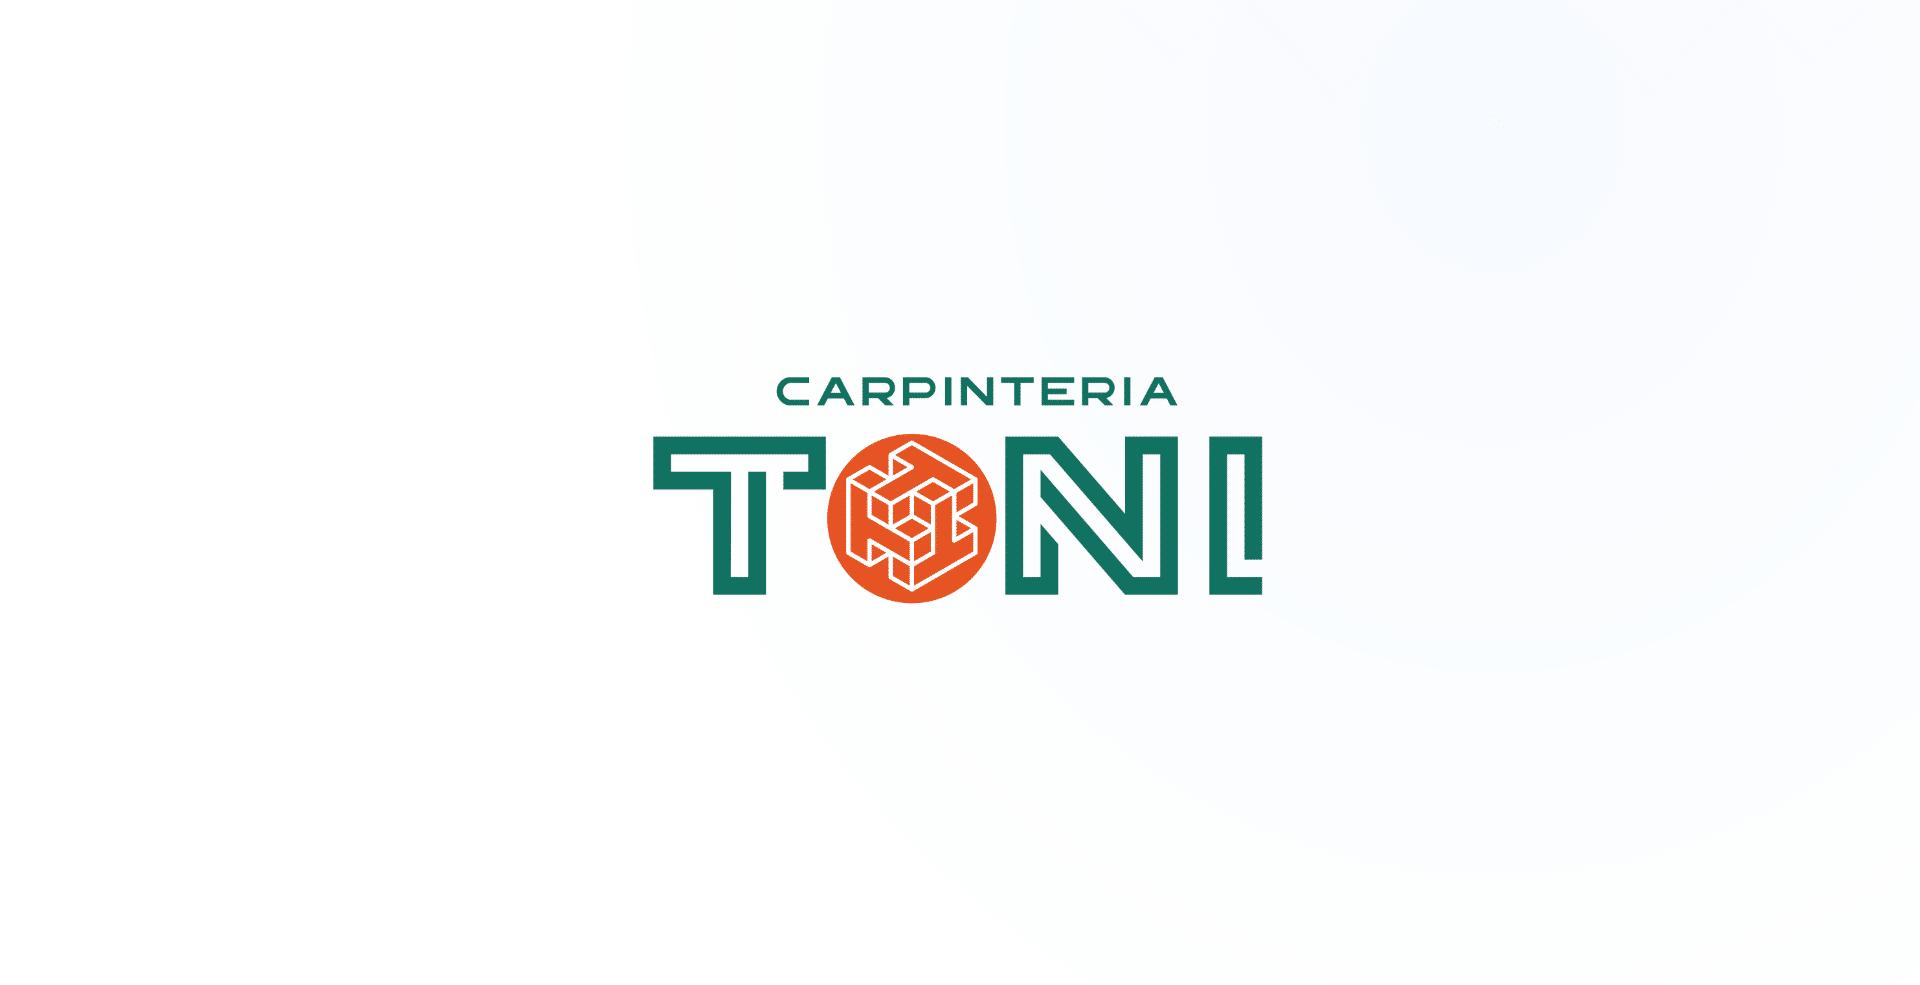 Diseño Identidad Corporativa Carpintería Toni
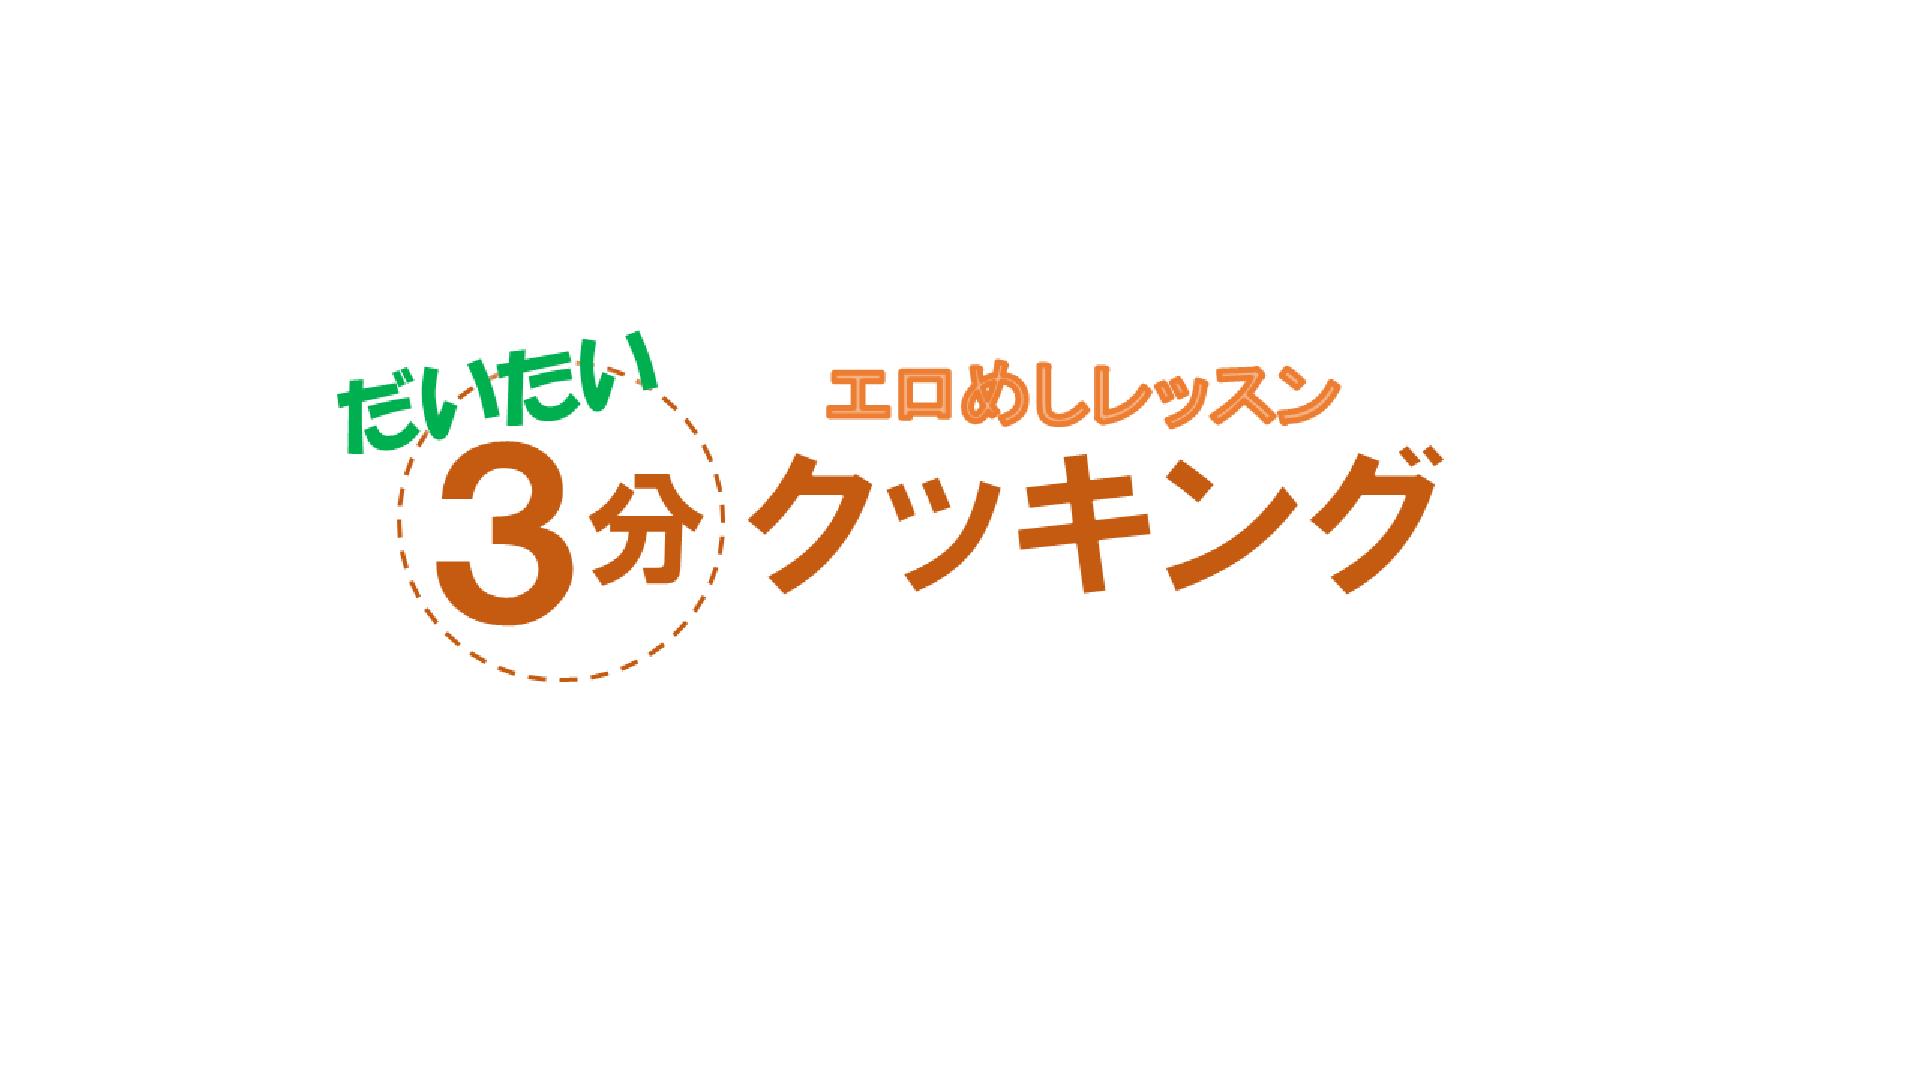 エロめしレッスン だいたい3分クッキング Vol.4
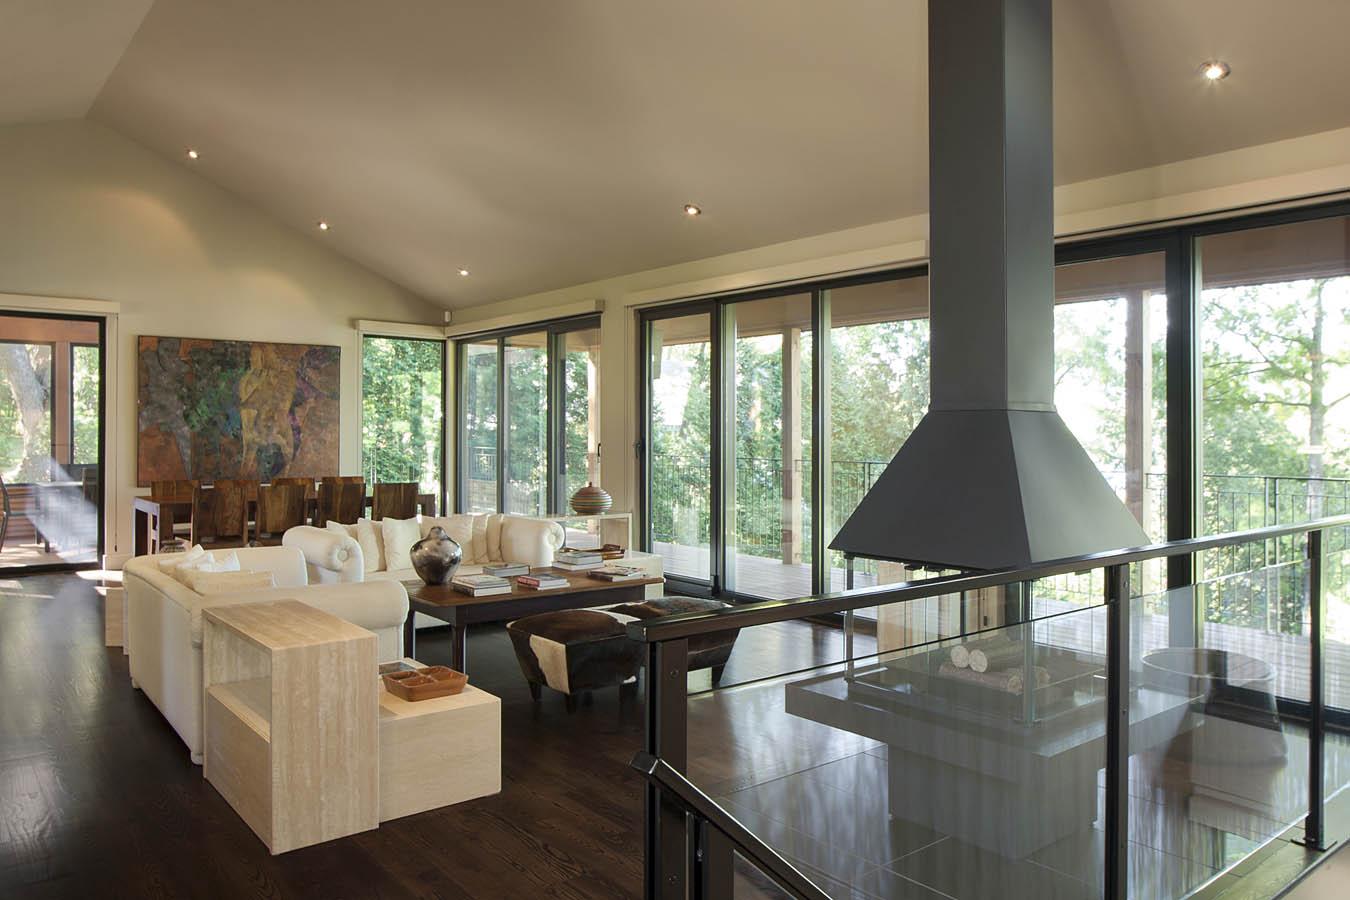 Salon Et Cuisine Aire Ouverte gallerie de maisons personnalisées | cim signature
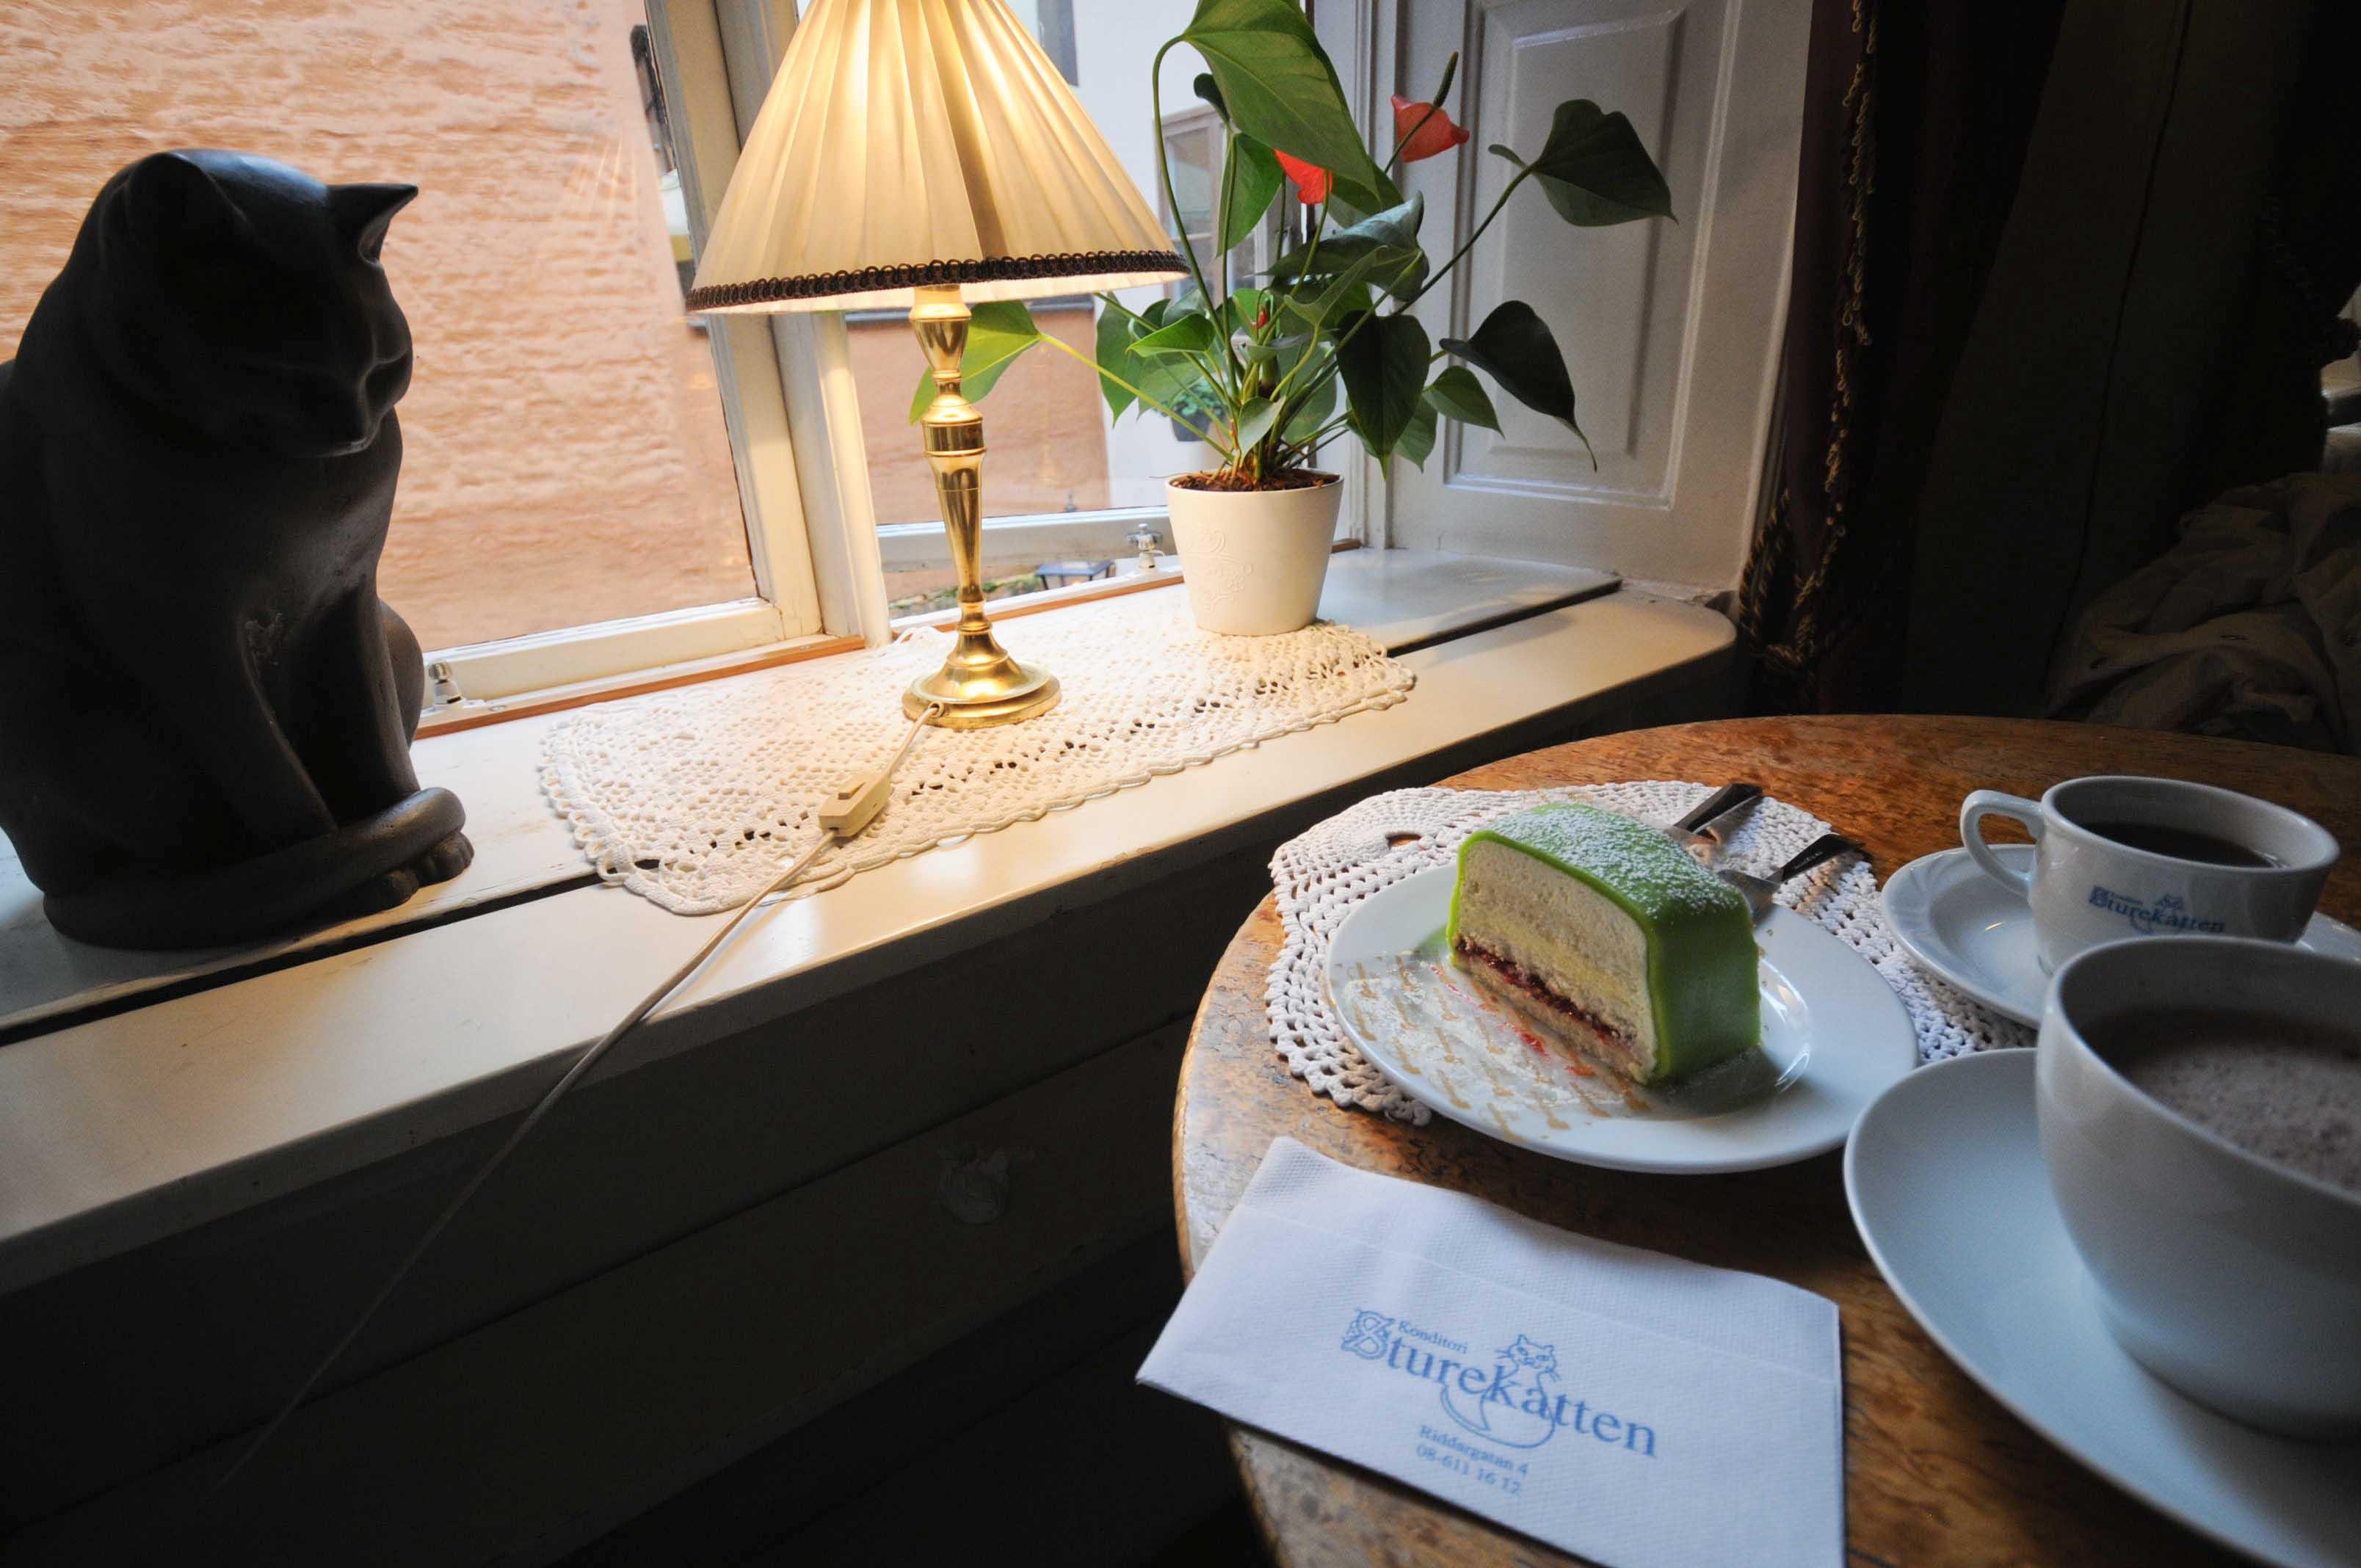 Visite de Stockholm suite: quelques adresses liées à la gastronomie
++++++++
→ Assignment: All the lines above are to be given again exactly as they read, with the pictures removed.

→ Task answer:
 Diseño Identidad Corporativa Carpintería Toni
 エロめしレッスン だいたい3分クッキング Vol.4
 Salon Et Cuisine Aire Ouverte gallerie de maisons personnalisées | cim signature
 Visite de Stockholm suite: quelques adresses liées à la gastronomie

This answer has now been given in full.